Что вновь возникающие институты, как скоро они не состояли в частной собственности, вместе с самым их основанием получали права юридического лица без какого-либо специального акта концессии им этих прав со стороны государственной власти, в этом не может быть никакого сомнения. Было бы напрасным трудом отыскивать в источниках следы такого концессионного акта, которым бы усвоялись тому или другому религиозному институту права юридического лица. Но вопрос в том, было ли само основание церкви или богоугодного заведения только актом воли частного лица или этому акту давалась публичная санкция, в которой одновременно содержалось и дозволение существования, и предоставление основываемому учреждению прав юридического субъекта?
В отношении к богоугодным заведениям в особенности этот вопрос возбуждал споры, так как для многих казалось и кажется возможным возникновение института прямо из дарственного или из завещательного акта частного лица.

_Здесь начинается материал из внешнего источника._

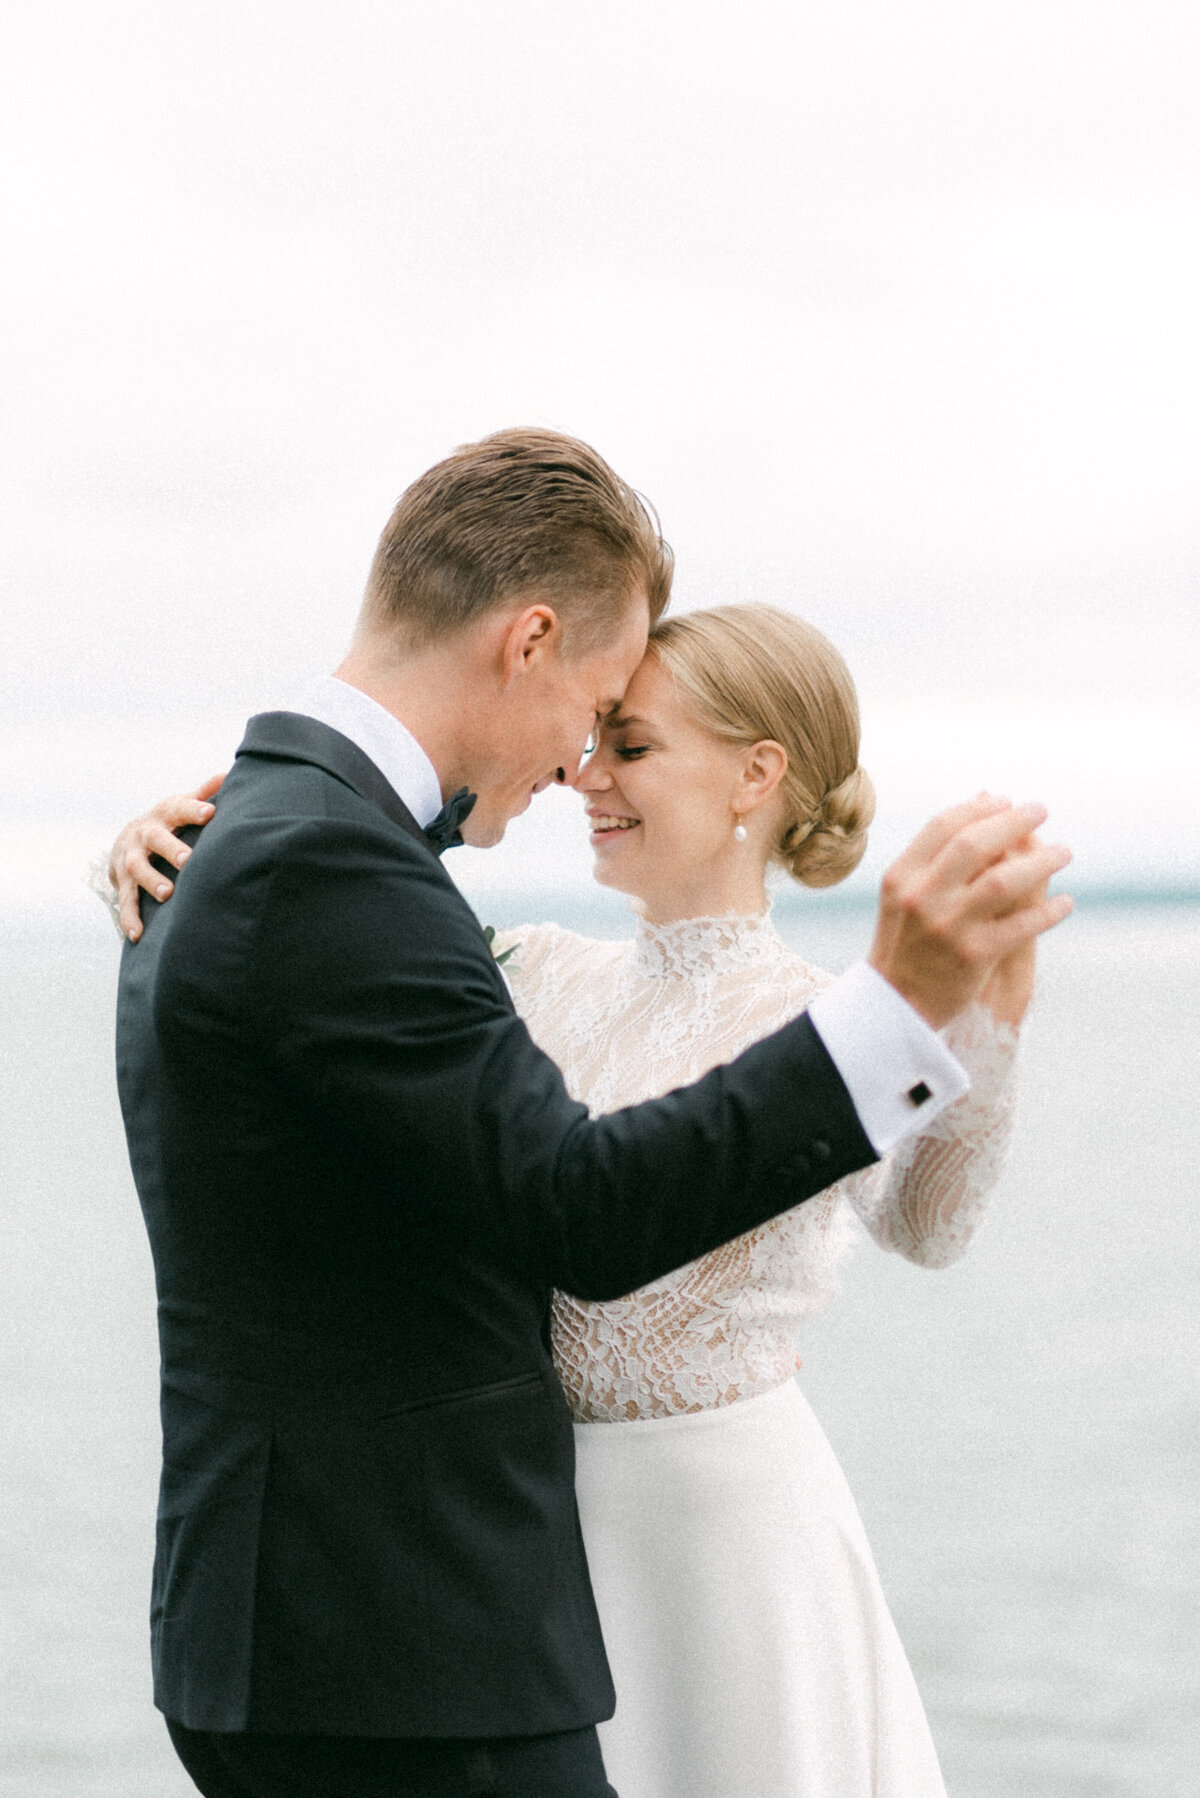 A wedding couple dancing during their photoshoot with wedding photographer Hannika Gabrielsson.

Между тем источники решительно не благоприятствуют этому взгляду. Относительно церквей и монастырей в законодательстве Юстиниана мы находим следующее положение: желающий устроить церковь, молитвенный дом или монастырь не иначе может начать устроение, как после совершения молитв и водружения креста местным епископом; начавший же устроение нового молитвенного дома или возобновление старого, а по смерти начавшего его наследник, всеми способами принуждаются докончить дело со стороны местного епископа и гражданского магистрата; в случае несоблюдения указанного требования относительно личного присутствия и благословения епископа учреждается не дом молитвы, а недозволенный вертеп; воспрещается равным образом учреждать богослужение в частном доме без участия подчиненных епископу духовных лиц, иначе само здание вместе и с землей, на которой оно находится, виндицируется церкви епископом, экономом и местным гражданским магистратом[599]. Таким образом, епископ, сообщающий религиозную санкцию основываемому учреждению, дает ему вместе с тем и публичную санкцию по воле императора, каковая санкция в случае надобности может быть поддержана в силе и гражданским магистратом[600].

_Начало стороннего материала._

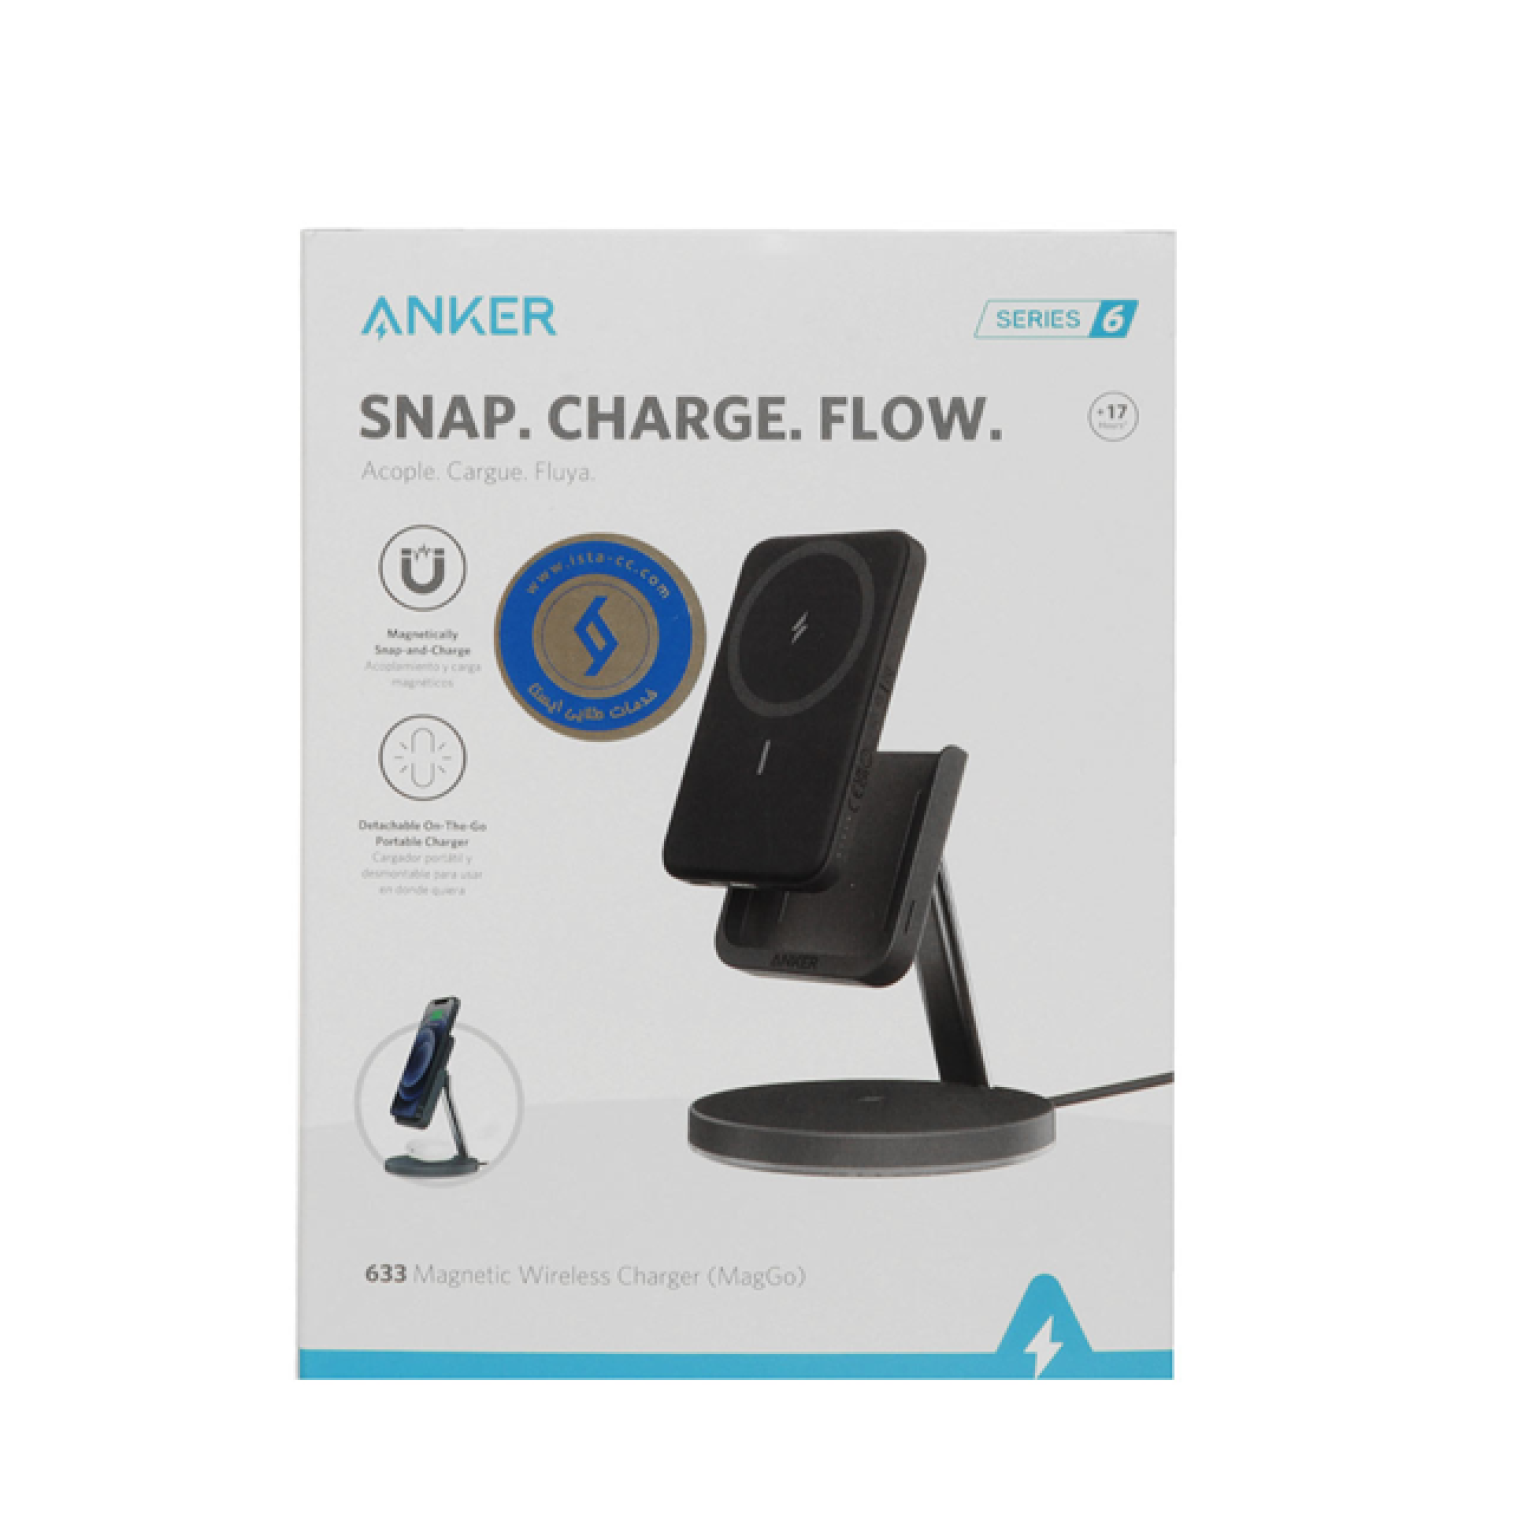 ANKER 2 way wireless charger model B25A7211 black 1

В нескольких затем конституциях вопрос об основании религиозных институтов затрагивается со стороны обязательности приведения в исполнение дарственного или завещательного распоряжения. Самый ранний закон в этом смысле принадлежит императору Зенону[601]: дарение с целью устроения храма в честь мученика, апостола, пророка или св. ангелов или с целью устроения странноприимного дома, больницы или богадельни имеет юридическую силу и подлежит безусловному исполнению, все равно, начато ли построение или еще не начато, так что само уже дарственное обещание связывает и дарителя, и наследников его, причем епископу и эконому дается иск против лиц, не исполняющих дарственного обещания.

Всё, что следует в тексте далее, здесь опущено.